PRD-80: Unified Context Service

Version: 1.0 Status: Draft Priority: P0 Author: Gar Kavanagh + Claude Created: 2026-03-12 Updated: 2026-03-12 Dependencies: PRD-64 (Unified Action Discovery — COMPLETE), PRD-68 (Progressive Complexity Routing — COMPLETE), PRD-71 (Unified Skills — COMPLETE), PRD-76 (Agent Reporting — COMPLETE)


Executive Summary

Every time we fix a prompt, tool loading, or memory injection bug, we have to patch it in 3–5 different places. The chatbot builds prompts one way (smart_orchestrator.pypersonality.py). Agent task execution builds them another way (agent_factory.py_build_agent_system_prompt). Heartbeats copy-paste from the factory. Recipes have their own path. The orchestrator stages have yet another. This fragmentation has caused:

  • Chatbot missing platform actions — fixed in commit 4a8d7e3 but only because someone noticed Auto couldn't see platform_execute

  • Composio tools loaded differently per code path — factory built typed schemas, chatbot used generic composio_execute

  • Memory injected in different formats — chatbot via get_happy_system_prompt(memories=...), factory via string concatenation, heartbeat skipped entirely

  • Tool count explosion — factory sent 107 tools, chatbot sent 76, heartbeat sent all platform tools individually before the dispatcher fix

  • Daily logs, action summaries, personality all wired independently into each path with different bugs each time

This PRD introduces a single ContextService that every LLM-calling code path uses. One place to build prompts, load tools, inject memory, manage token budgets. Fix it once, fixed everywhere.

What We're Building

  1. modules/context/ package — new module containing the unified context service

  2. ContextService class — single entry point: build_context(agent, mode, messages) → ContextResult

  3. Composable prompt sections — identity, skills, platform actions, memory, tools, task context assembled declaratively

  4. Token budget manager — sections have priority weights; low-priority content gets trimmed first when approaching limits

  5. ContextResult dataclass — contains system_prompt, tools, tool_choice, messages, metadata ready for any LLM call

  6. Migration of all 9 code paths to use ContextService instead of building prompts/tools themselves

  7. Dead code cleanup — remove _build_agent_system_prompt, get_happy_system_prompt complexity, duplicated tool loading

What We're NOT Building

  • A prompt versioning UI (future PRD — admin prompt editing stays in system_prompts table)

  • A/B testing framework for prompts (future)

  • LLM-specific prompt formatting (we target OpenAI chat format; provider adapters stay in llm_manager.py)

  • New memory system (Mem0 stays; we just standardize how memories are injected into context)
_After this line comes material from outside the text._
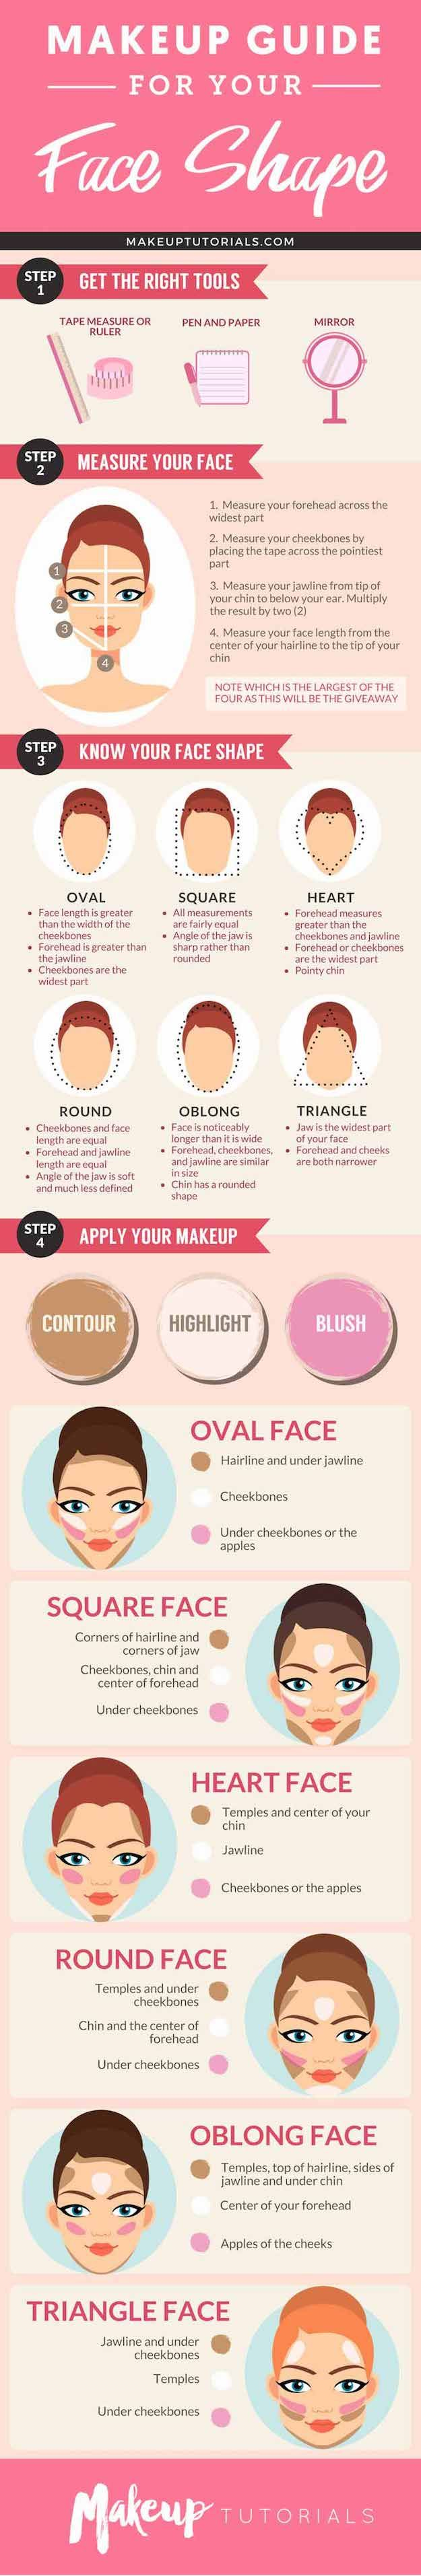 How to Contour Your Face Depending On Your Face Shape | Best Makeup Tutorials An...

1. The Problem: 9 Fragmented Code Paths

Every path that calls an LLM independently builds its own prompt, loads its own tools, and injects its own context. Here's the current state:

#
Code Path
File
Builds Prompt
Loads Tools
Injects Memory
Injects Platform Actions

1

Chatbot (Auto)

consumers/chatbot/smart_orchestrator.py

get_happy_system_prompt()

smart_tool_router.route()

smart_memory.retrieve_memories()

build_prompt_summary() (added 2026-03-12)

2

Agent Task Execution

modules/agents/factory/agent_factory.py

_build_agent_system_prompt()

get_tools_for_agent()

String concatenation in prompt

build_prompt_summary()

3

Heartbeat Service

services/heartbeat_service.py

Inline f-string

to_dispatcher_schema() only

None

Inline summary

4

Recipe Executor

api/recipe_executor.py

Recipe-specific prompt + agent prompt

Inherits from factory

None

None

5

Execution Manager

modules/agents/execution/execution_manager.py

Delegates to factory

Delegates to factory

None

Via factory

6

Universal Router

core/routing/engine.py

Per-tier prompts

Per-tier tool selection

None

None

7

Orchestrator Stages

modules/orchestrator/stages/*.py

Per-stage prompts

None (LLM-only)

None

None

8

Board Task Chat

Via chatbot path

Via chatbot

Via chatbot

Via chatbot

Via chatbot

9

NL2SQL

modules/nl2sql/service.py

Schema-specific prompt

None (text-only)

None

None

What Goes Wrong

  1. Feature added to one path, missing from others — platform action summary was added to factory + chatbot but not heartbeat or recipes until manually patched

  2. Memory format divergence — chatbot formats memories as bullet list via personality.py, factory dumps raw strings, heartbeat gets nothing

  3. Tool count inconsistency — factory sends get_tools_for_agent() (core + platform dispatcher + composio), chatbot sends smart_tool_router.route() (filtered subset), heartbeat sends only platform dispatcher

  4. Personality applied inconsistently — chatbot uses AutomatosPersonality with workspace settings, factory uses basic system prompt, heartbeat uses hardcoded text

  5. No token awareness — prompts grow unbounded; adding platform action summary + daily logs + memory + skill instructions can exceed model context with zero warnings


2. Architecture: The Unified Context Service

2.1 Design Principles (from Context Engineering)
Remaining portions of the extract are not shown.